In a strained voice, Jason said, “Do your worst! See if I
give a shit!”
“Your balls are too big for your own good, little buddy.
Maybe I’ll rip them off first!” threatened Blizzard. “But first, I need to have
a seat. All that food’s giving me a cramp.” The giant chuckled evilly before
sitting down on Jason’s two-story house and crushing it to toothpicks.
And then Blizzard’s threatening mood changed to one of pain
and agony. At first he winced and shivered to try and ease himself. He even
loosened his grip around Jason long enough for him to get away and roll on the
ground to cough up little droplets of blood. Blizzard couldn’t take it anymore.
He let out the world’s loudest growl of pain as he rolled over and revealed the
source of his agony. He had a column of piled up furniture going up his ass
crack. Heat stoves, couches, bookshelves, and even a spiky tube was stacked
high from the top to the bottom of the house.
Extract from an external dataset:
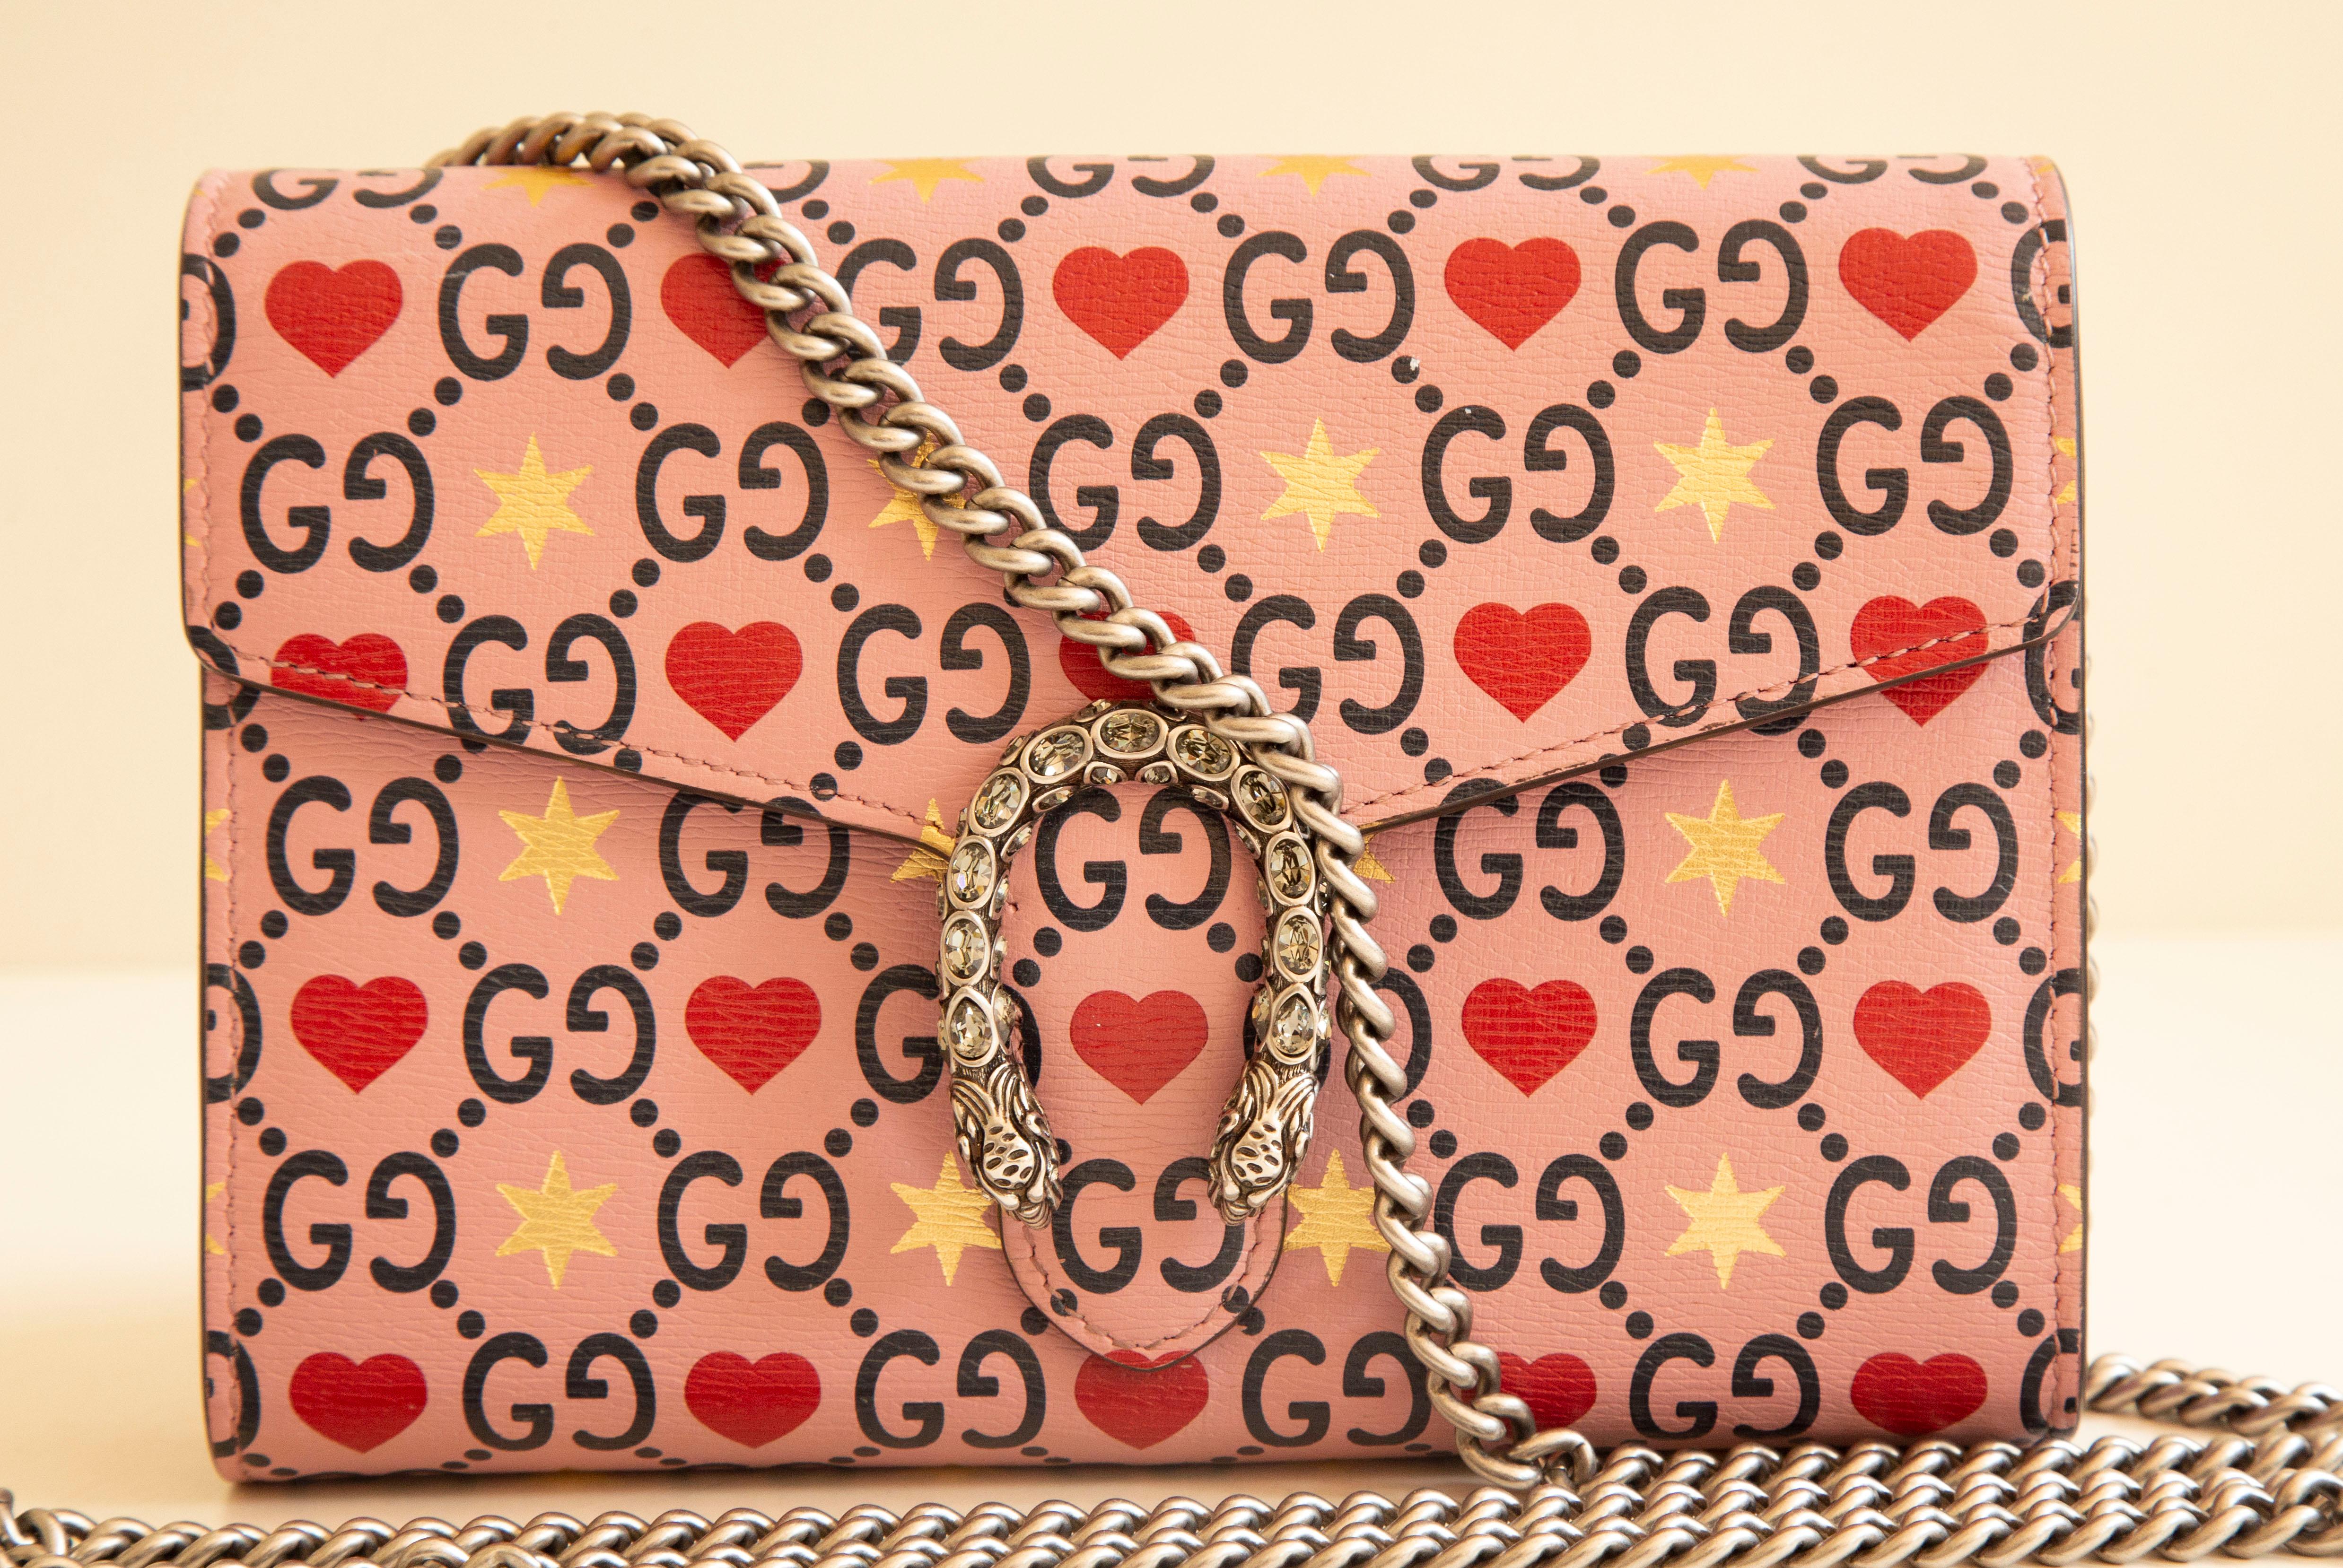 Gucci Dionizus Portemonnaie an Kette/Cross Body Bag/Umhängetasche in limitierter Auflage zum Valentinstag. Die Tasche ist aus geprägtem Kalbsleder mit dem GG-Web auf rosafarbenem Hintergrund mit Herz- und Sterndekoration gefertigt. Die Tasche hat
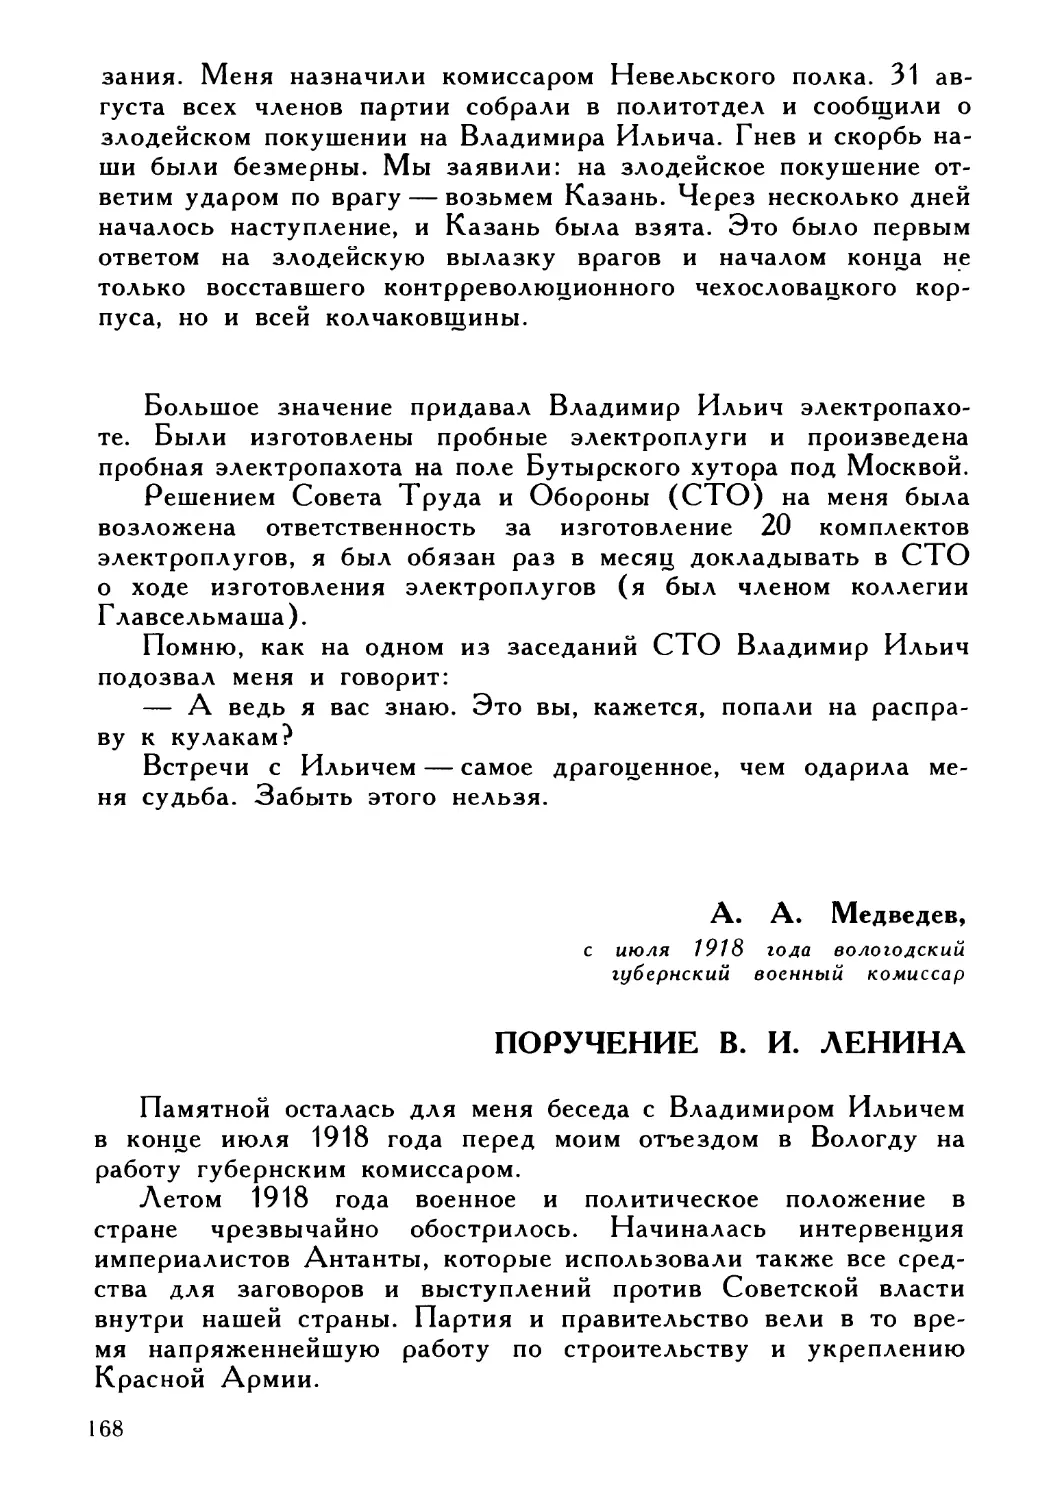 А. А. Медведев. Поручение В. И. Ленина

As King Blizzard’s anus was bleeding profusely from the
furniture sodomy, Jason, who was on his back breathing painfully, poked his
head up and said, “You feel that, big guy? You feel that?! Good! I hope it
hurts like hell! I’ve been hurting for a whole year ever since you took my
family away from me! But did I back down? No, I didn’t! I kept plowing my
fields and I gave you some of the best food you’ve ever eaten! Consider this
your last meal before your execution!”
Blizzard’s breathing became labored and raspy as his anus
continued to bleed all over the remains of Jason’s house. “Execution?! You’re
the one who’s going to be executed, you little shit!” The giant fumbled and
staggered in his attempt to stand back on his feet. He was still bleeding
profusely, but for a moment he blocked out the literal pain in his ass and
focused on the figurative one lying on the ground below him.
The giant limped and dragged himself over to Jason’s broken
body. But the minute he knelt down to pick him up again, the pain in his ass
fired up and he screamed some more. After a while of dancing around in pain,
King Blizzard’s eyes rolled back in his head and he fell backwards with a
resounding thud, shoving the furniture up his ass even more. There was no more
movement, no more screaming, and no more tyranny. King Blizzard had just become
the world’s biggest rotting corpse.
In his groundbreaking fall, Blizzard landed back first on
Jason’s body, crushing it into blood and bones and taking him to the afterlife
with the giant. But was this battle considered a draw? Hardly. After a few days
of inactivity, several of Jason Clark’s farmer friends visited his fields and
saw the proof themselves that he was a hero. King Blizzard was slain and a
victory square dance was in order.
Before there could be a grand celebration, a funeral would
take place to honor the Clark family. There
would be plenty to eat at the ceremony since Blizzard left behind fields and
fields of uneaten food. But more importantly, Blizzard himself would be on the
menu since his muscular body had more meat on it than the entire world’s cow
population.
What did the farmers call this new food company? The name
was a no-brainer. Ho, ho, ho! Green Giant!